BEGIN The data

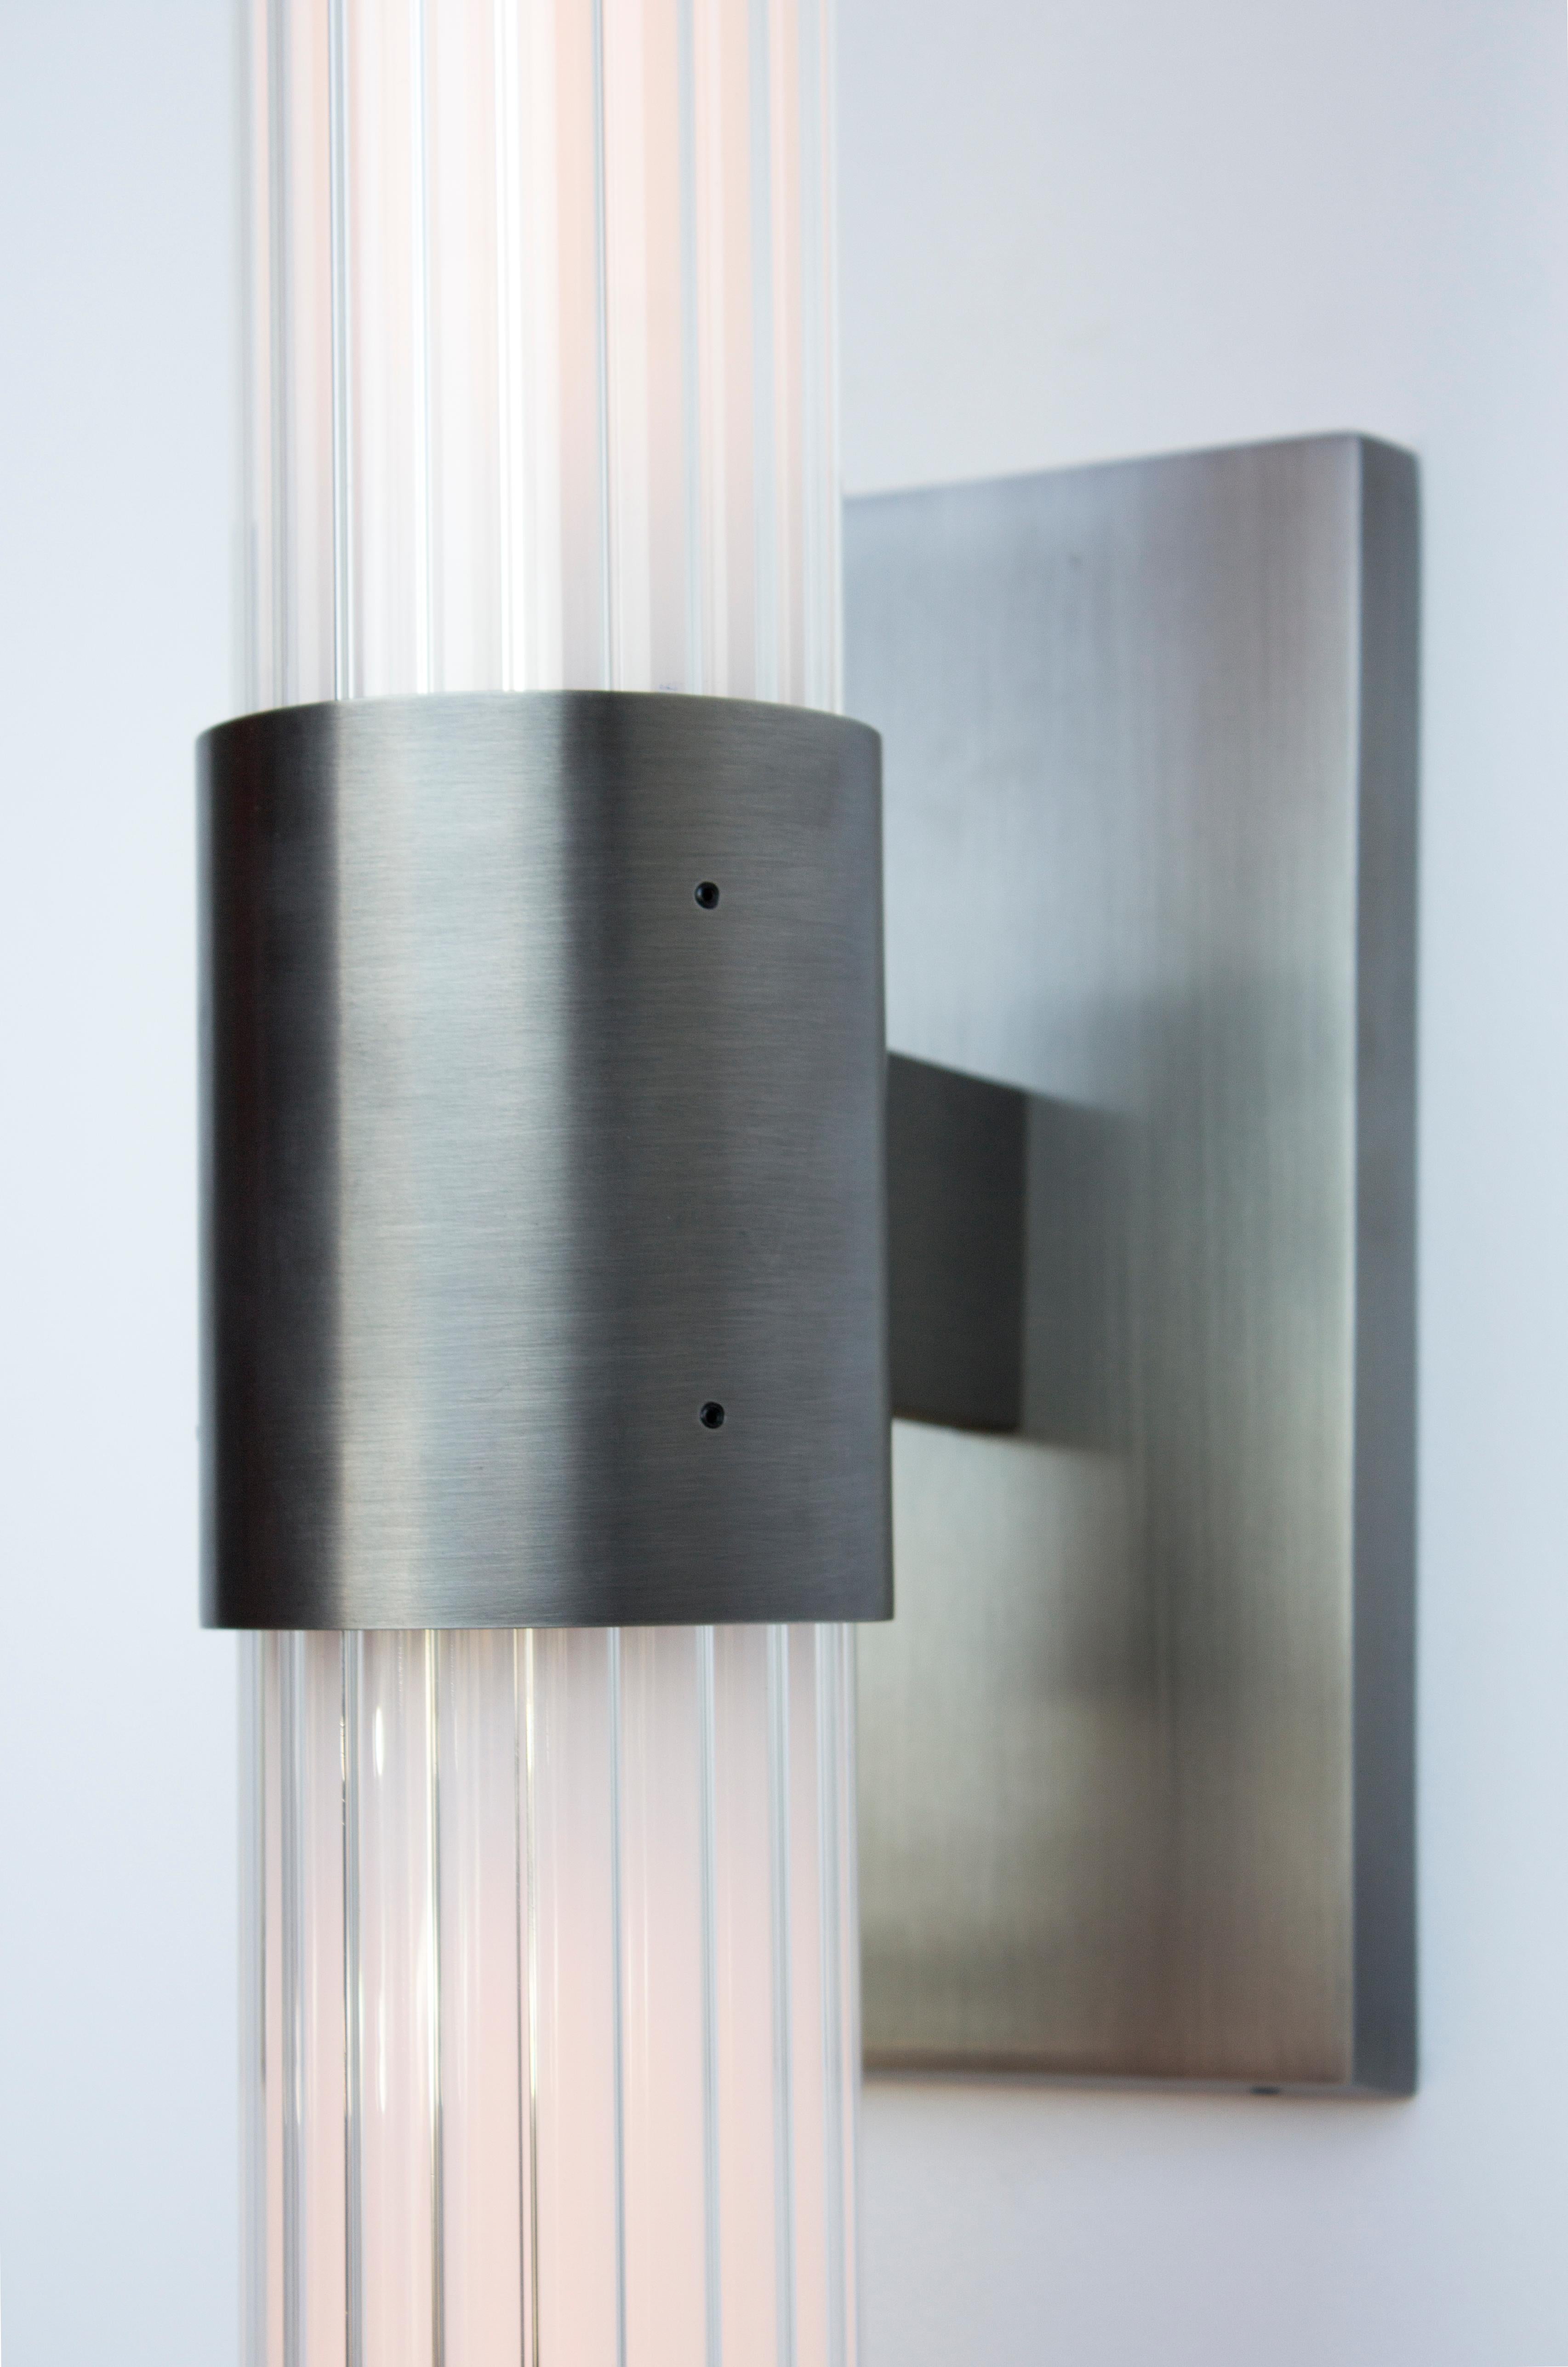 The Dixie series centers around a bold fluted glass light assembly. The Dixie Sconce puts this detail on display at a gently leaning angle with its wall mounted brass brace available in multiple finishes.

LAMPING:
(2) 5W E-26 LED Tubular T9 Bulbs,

END The data

What the task asks: Return the lines above exactly; the images are not part of the copy.

Output of the task:
 The Dixie series centers around a bold fluted glass light assembly. The Dixie Sconce puts this detail on display at a gently leaning angle with its wall mounted brass brace available in multiple finishes.

LAMPING:
(2) 5W E-26 LED Tubular T9 Bulbs,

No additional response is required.